А друзей и знакомых у него были полны поля: Жаворонок со всеми жил в мире, и все его любили. Сам он больше всех любил своих друзей Подковкиных. Старался всё больше летать над тем полем, где было гнездо Оранжевого Горлышка.
Летает в вышине, а сам зорко следит, не покажется ли где хищник.
Вот взошло солнце, и с дальних полей, из-за реки, уже приближается голубовато-белый Лунь. Лицо у него круглое, как у кошки, нос крючком.
Он летит низко-низко над зелёною рожью и смотрит, высматривает: не мелькнёт ли где птенчик или мышь? Вдруг остановится на лету и, как бабочка, приподняв крылья над спиной, повиснет в воздухе: вглядывается в одно место.

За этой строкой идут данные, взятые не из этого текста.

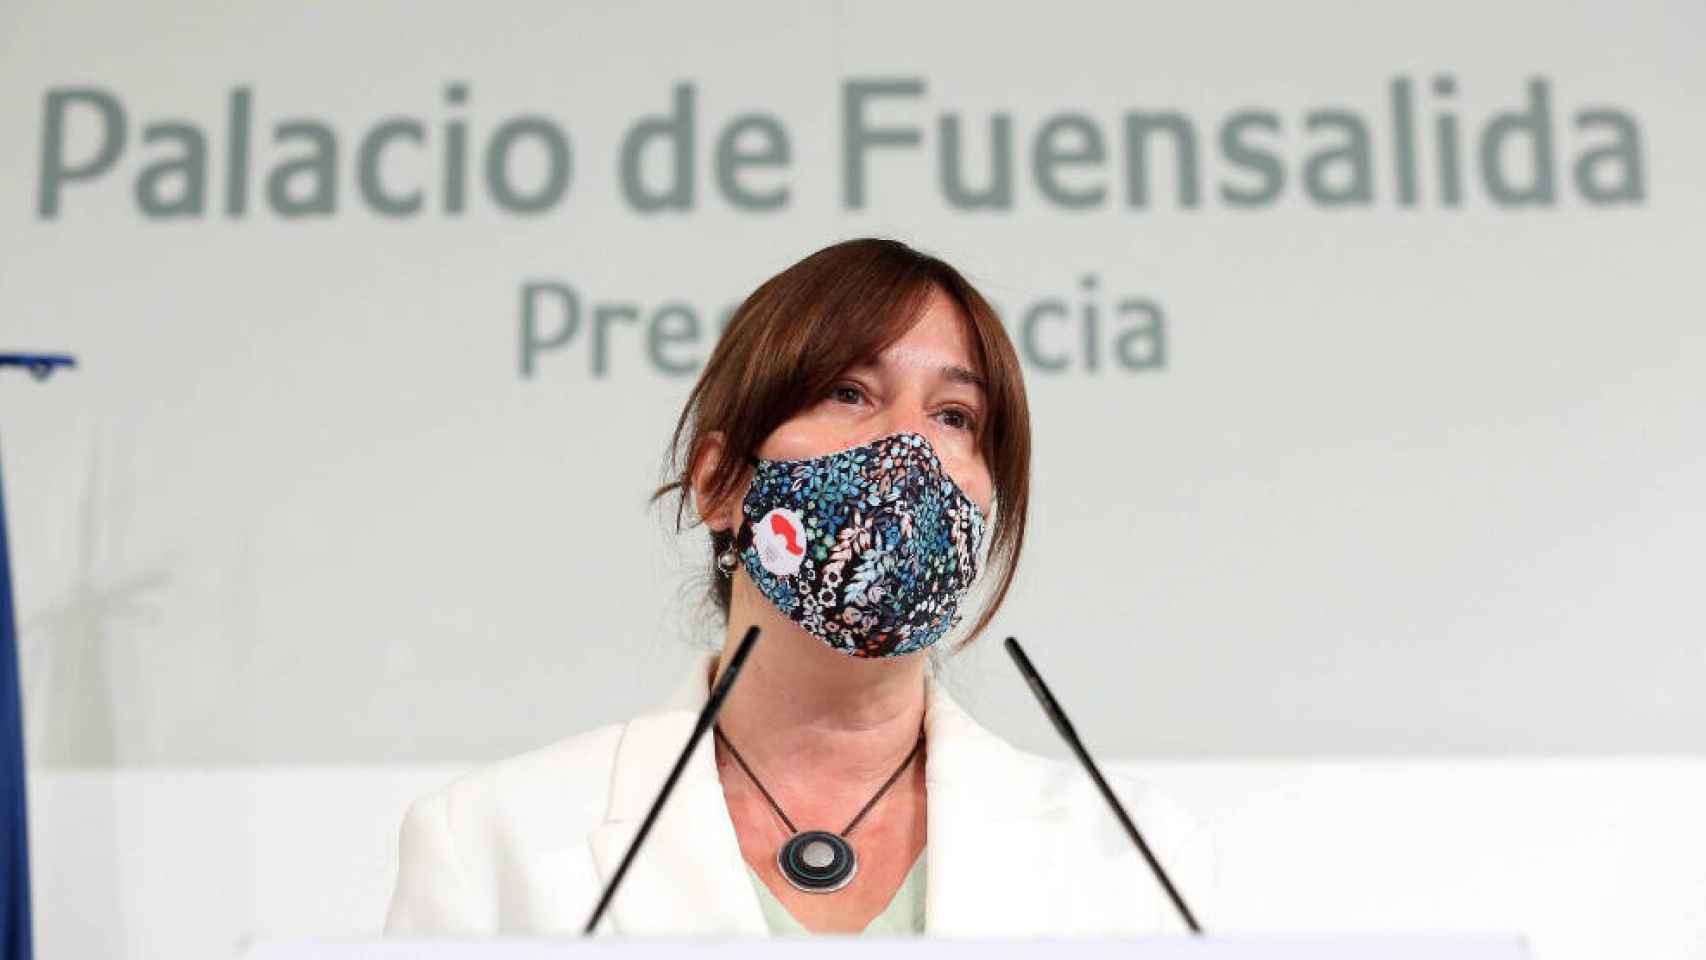 Blanca Fernández, consejera de Igualdad y portavoz del Gobierno de Castilla-La Mancha. Foto: Óscar Huertas

Там сейчас ушмыгнул от него в норку Мышонок. Лунь и ждёт, когда Мышонок высунет нос из норки. Если высунет, Лунь разом сложит крылья, камнем упадёт вниз — и цоп Мышонка в когти!
Но Жаворонок уже мчится с высоты и, крикнув Подковкиным на лету: «Лунь прилетел!», спешит к норке, кричит Мышонку:
— Не высовывай носа! Не высовывай носа из норки!
Подковкин командует своим поршкам:
— Чирр-вик!
И поршки поджимают ножки, делаются невидимками.
Мышонок слышит Жаворонка и, дрожа от страха, забивается поглубже в норку.
И Лунь улетает дальше, никого не поймав.
Каждый день прилетали из далёкого леса чёрный Коршун с выемкой на длинном хвосте и бурый Канюк-Мышелов. Кружили над полями, высматривая добычу. Их когти всегда готовы схватить неосторожного мышонка или поршка. Но с утра до полудня и опять через час после полудня караулит в небе Жаворонок, и все полевые птицы и звери спокойны: у них хороший сторож.
А в полдень хищники улетают на реку — на водопой. Тогда и Жаворонок спускается на землю поесть да вздремнуть полчасика после обеда, и в полях наступает «мёртвый час», — час отдыха и сна.
И может быть, так бы всё и обошлось благополучно, все звериные детёныши были бы целы и поршки у куропаток выросли бы спокойно, да, на беду, прилетела в поля Серая Ястребиха.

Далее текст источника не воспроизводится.